A distanza di quasi quattro anni dallo scandalo per le consulenze svolte, e dalla successiva accusa di aver intascato tangenti per l'assegnazione del Mondiale 2022 al Qatar, Michel Platini torna a parlare e a rivendicare la sua innocenza. L'ex numero uno dell'Uefa, che nel 2015 si era anche candidato per la presidenza della Fifa, ha infatti rilasciato un'intervista nella quale ha sparato a zero contro chi lo ha di fatto lasciato fuori dal calcio.

"Sono stato vittima di una forma di complotto, sì, totalmente, tra quelli della FIFA e della magistratura svizzera – ha dichiarato Platini al canale televisivo svizzero RTS – C'era un accordo tra la FIFA e loro per farmi fuori, ma non ho intenzione di dire che c'entri lo stato svizzero. Negli ultimi 4 anni ho vissuto una vacanza forzata, ora è il momento di tornare. Non so dove e non so come, ma tornerò. Non posso farmi bloccare da una sospensione, anche se è stata comminata da idioti. Infantino? Probabilmente non ha molta voglia che io ritorni nel mondo del calcio".

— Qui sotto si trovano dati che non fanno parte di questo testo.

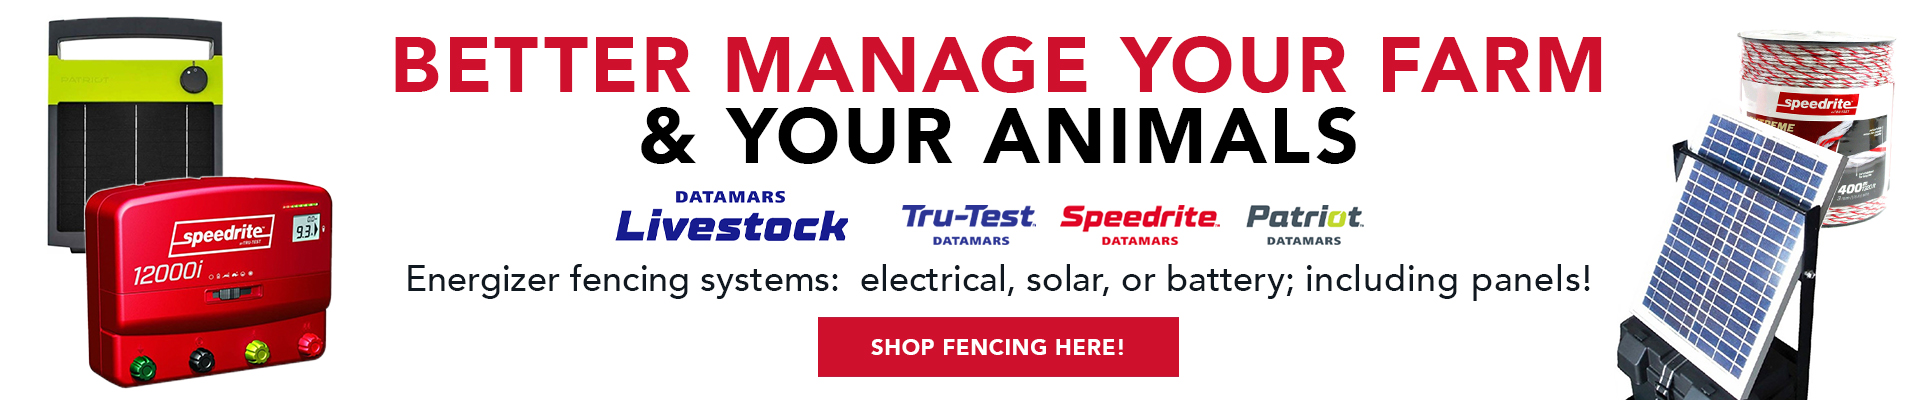 Shop popular fencing supplies to keep your cattle & livestock secure. Multiple types of electrice & solar fencers available

L'arresto del giugno scorso

In attesa della scadenza della sua squalifica, che avverrà nel prossimo mese di ottobre, il 64enne ex fuoriclasse della Juventus e della nazionale francese, e numero uno della Uefa dal dal 2007 al 2015, ha dunque lanciato accuse pesantissime destinate a far tremare anche ai piani alti del "palazzo" mondiale del calcio. Nel giugno scorso, il nome di Michel Platini era inoltre tornato a riempire le prime pagine di tutti i giornali in seguito al suo arresto e al successivo interrogatorio in merito all'inchiesta sull'assegnazione dei Mondiali del 2022 al Qatar.

"È stata lunga ma considerando il numero delle domande non poteva che essere così – ha spiegato dopo l'interrogatorio e il rilascio – Mi stato chiesto di Euro 2016, Mondiale in Russia, Mondiale in Qatar, Fifa. Se ho la sensazione di essere perseguitato? Oggi è un po' speciale, arrivare come testimone ed essere subito preso in custodia fa male. Fa male per tutto quello che penso e per tutto quello che ho fatto. Ma al di là di tutto, loro fanno il loro lavoro e noi abbiamo cercato di rispondere a tutte le domande".